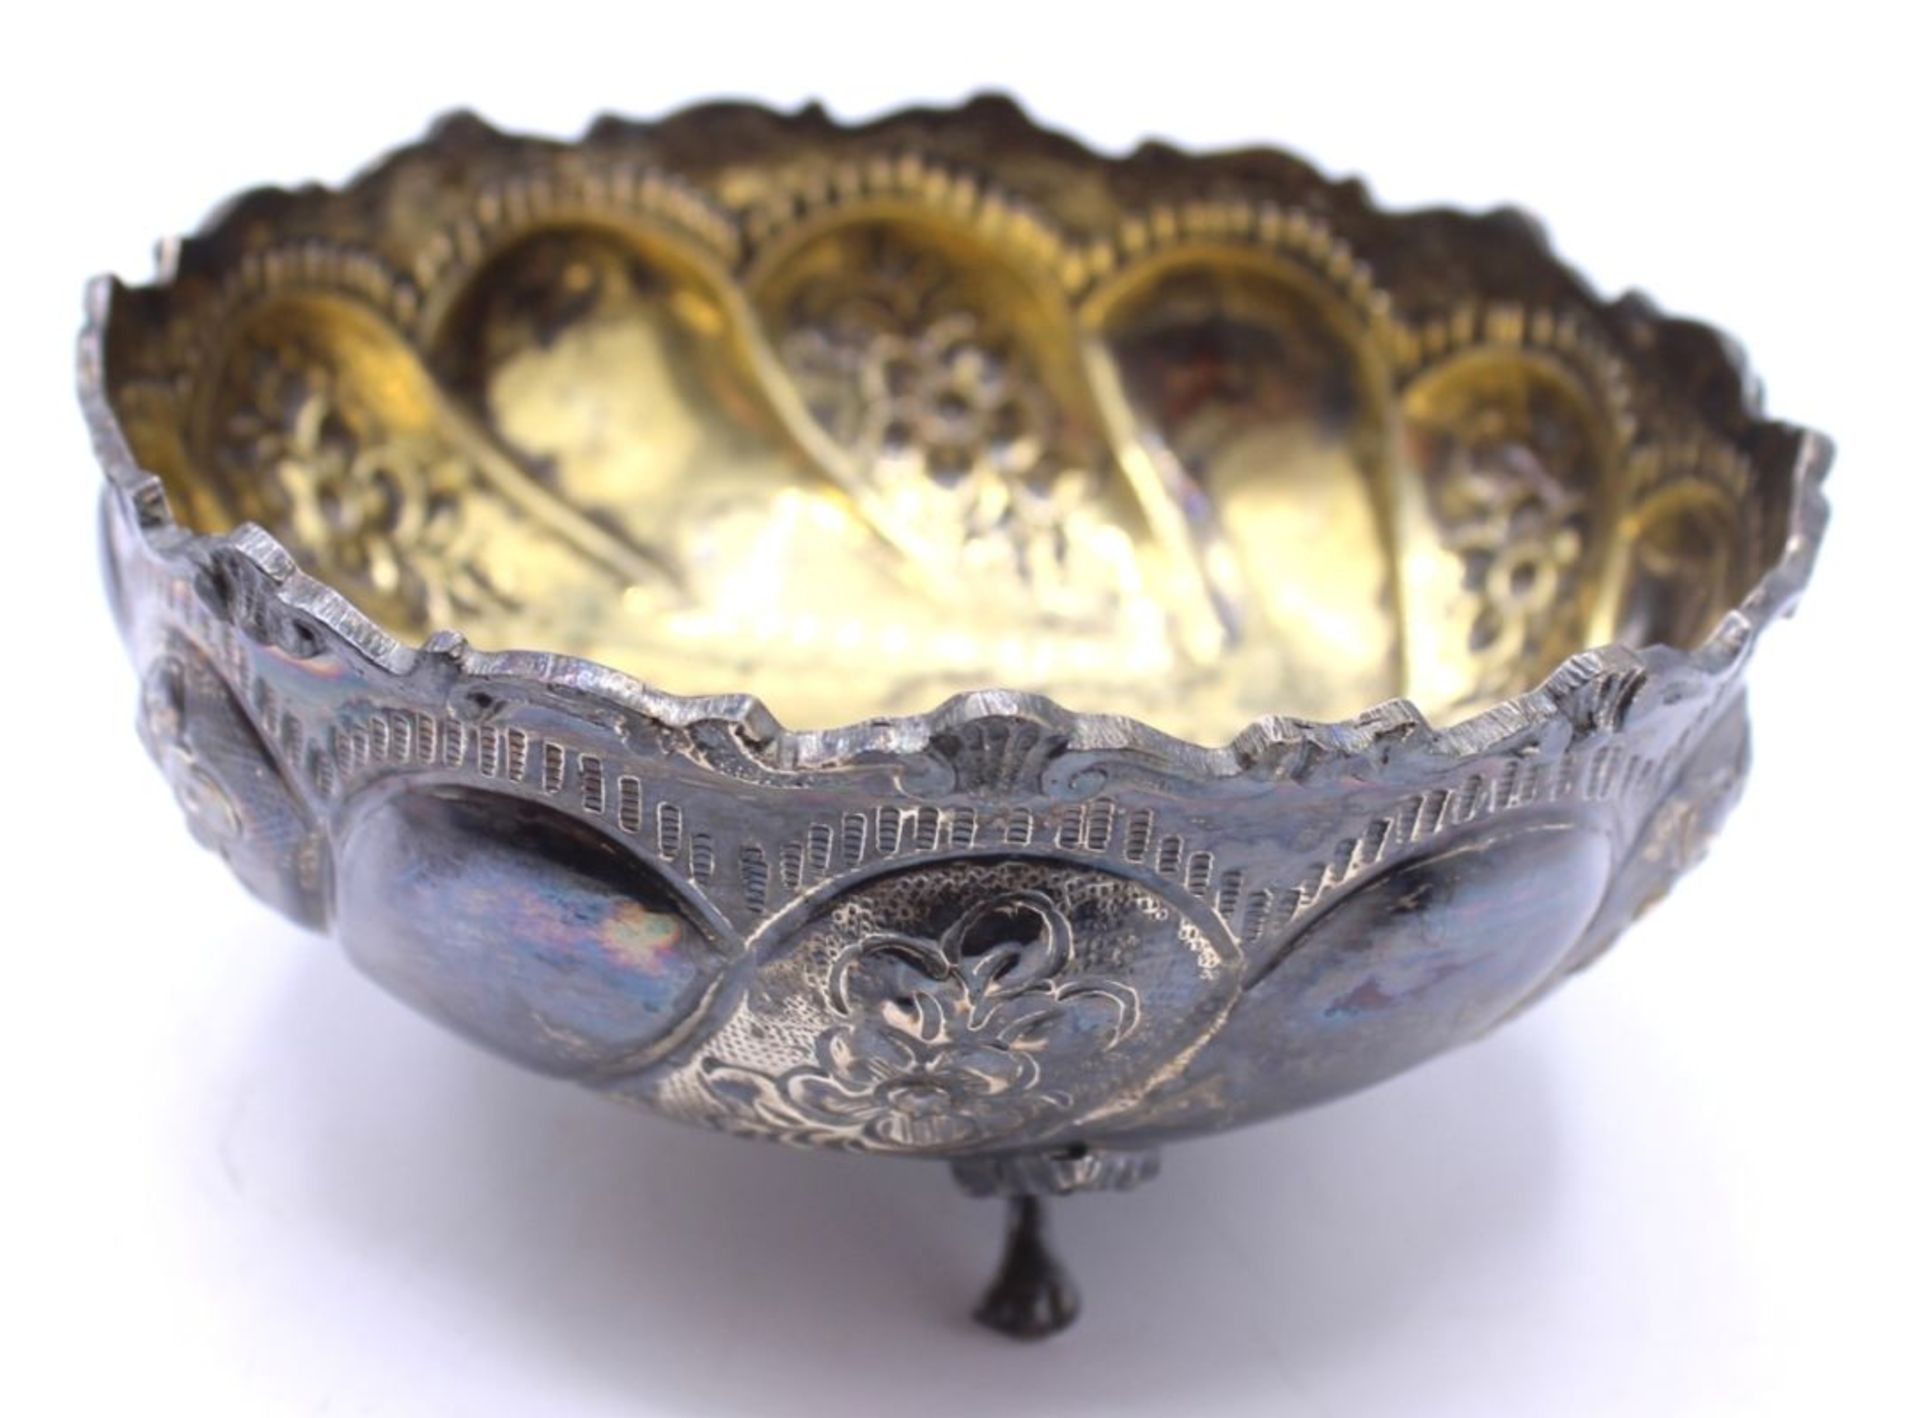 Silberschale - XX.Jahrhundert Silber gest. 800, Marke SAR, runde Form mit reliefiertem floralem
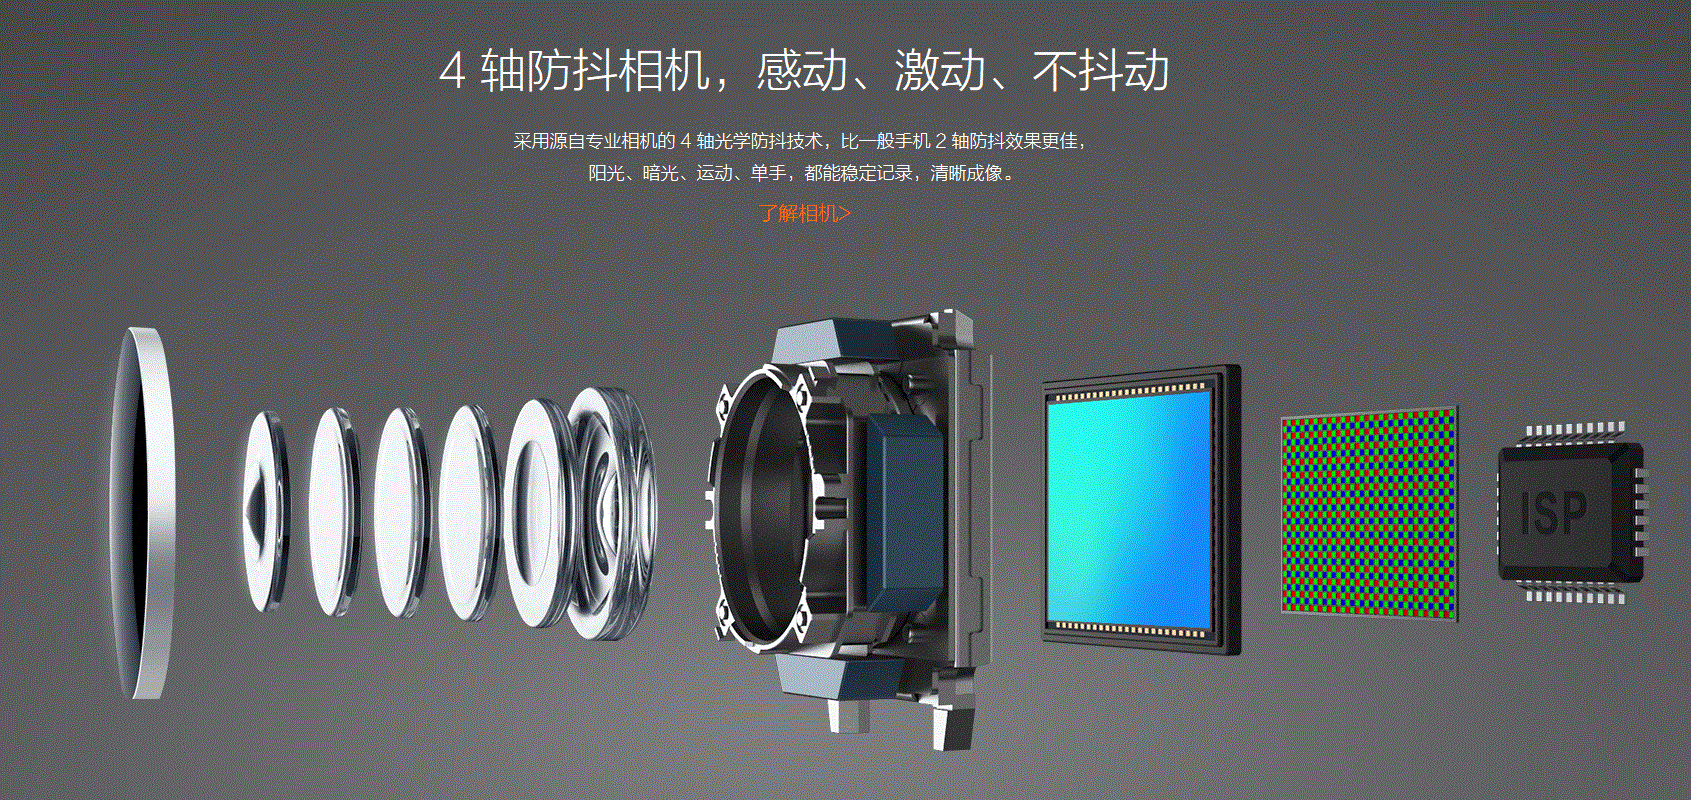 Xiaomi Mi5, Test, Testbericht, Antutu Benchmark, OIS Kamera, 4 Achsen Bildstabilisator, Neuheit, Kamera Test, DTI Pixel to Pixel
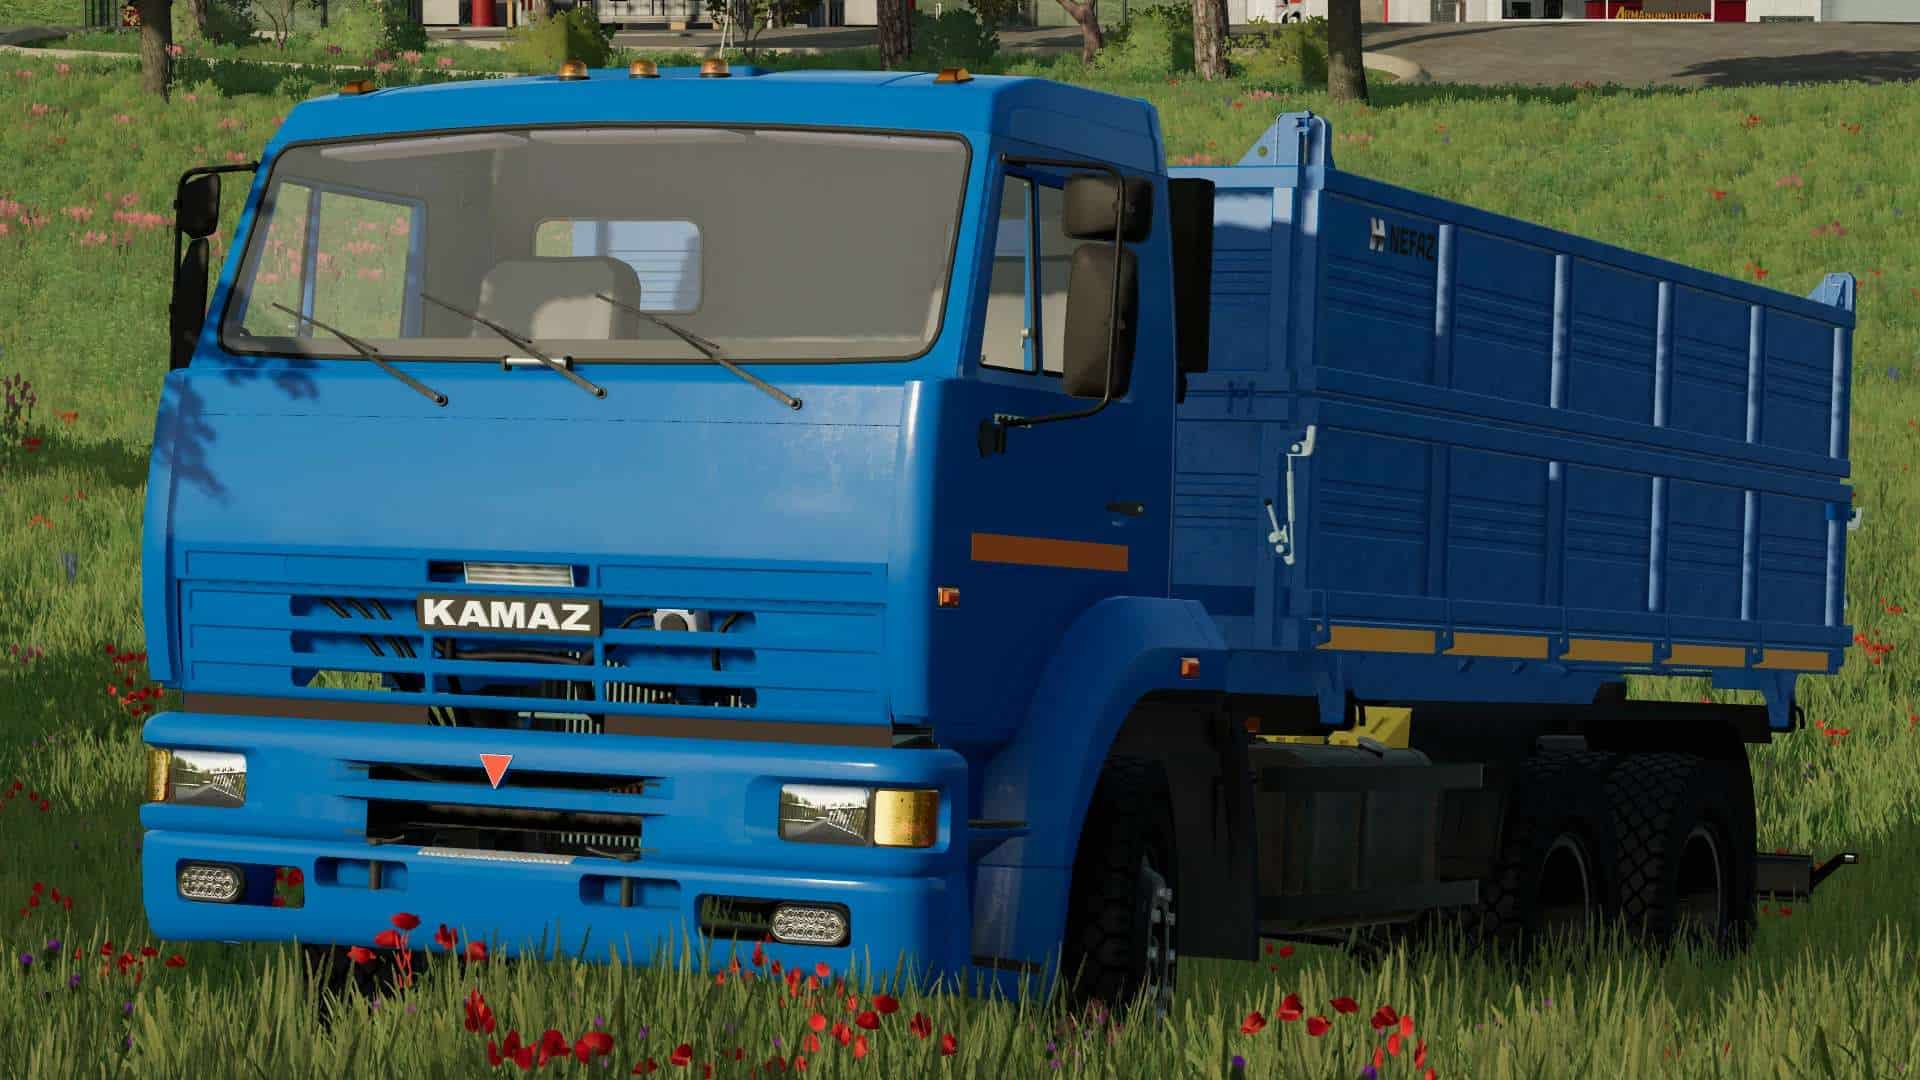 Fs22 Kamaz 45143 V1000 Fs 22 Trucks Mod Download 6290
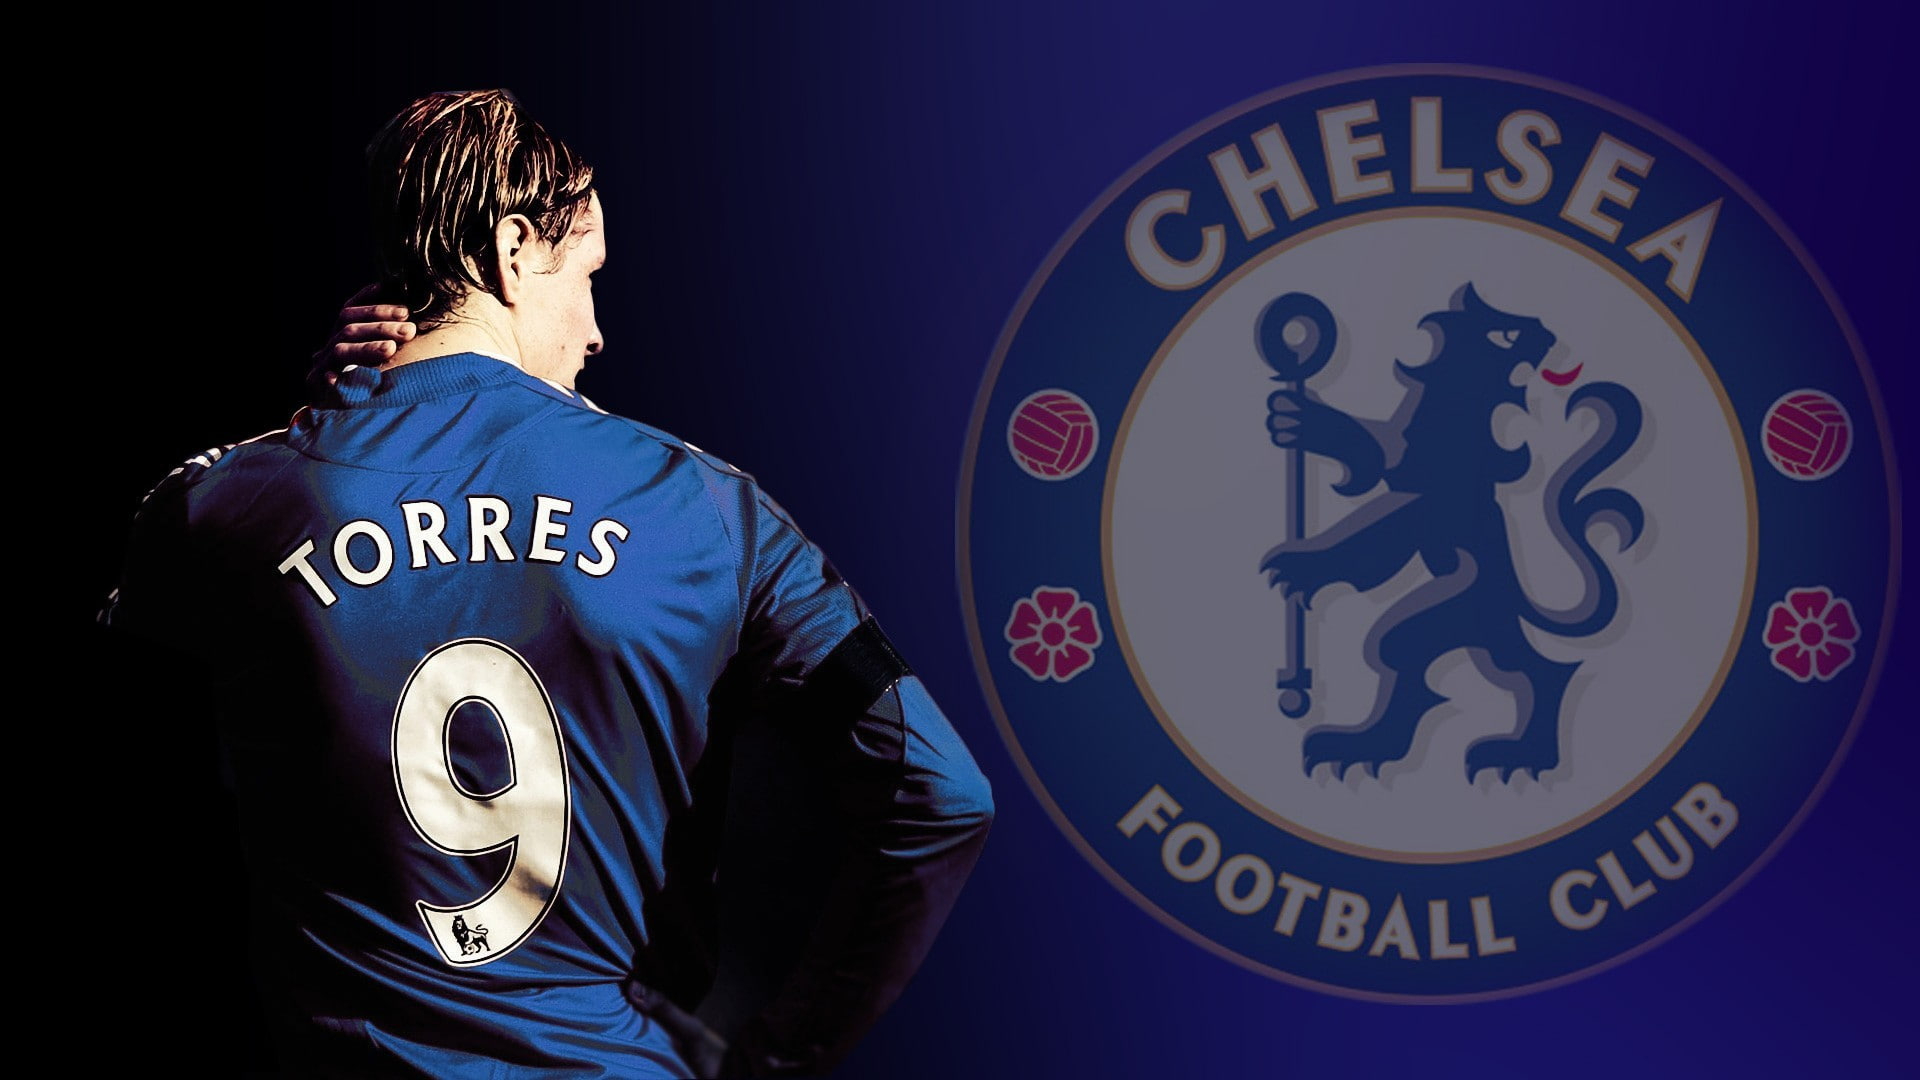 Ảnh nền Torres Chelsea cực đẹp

##############################

--- WHAT THE EXERCISE ASKS ---
Give back all of the data exactly, but not the pictures.

--- ANSWER FOR THIS EXERCISE ---
 Silberschale - XX.Jahrhundert Silber gest. 800, Marke SAR, runde Form mit reliefiertem floralem
 Xiaomi Mi5, Test, Testbericht, Antutu Benchmark, OIS Kamera, 4 Achsen Bildstabilisator, Neuheit, Kamera Test, DTI Pixel to Pixel
 Fs22 Kamaz 45143 V1000 Fs 22 Trucks Mod Download 6290
 Ảnh nền Torres Chelsea cực đẹp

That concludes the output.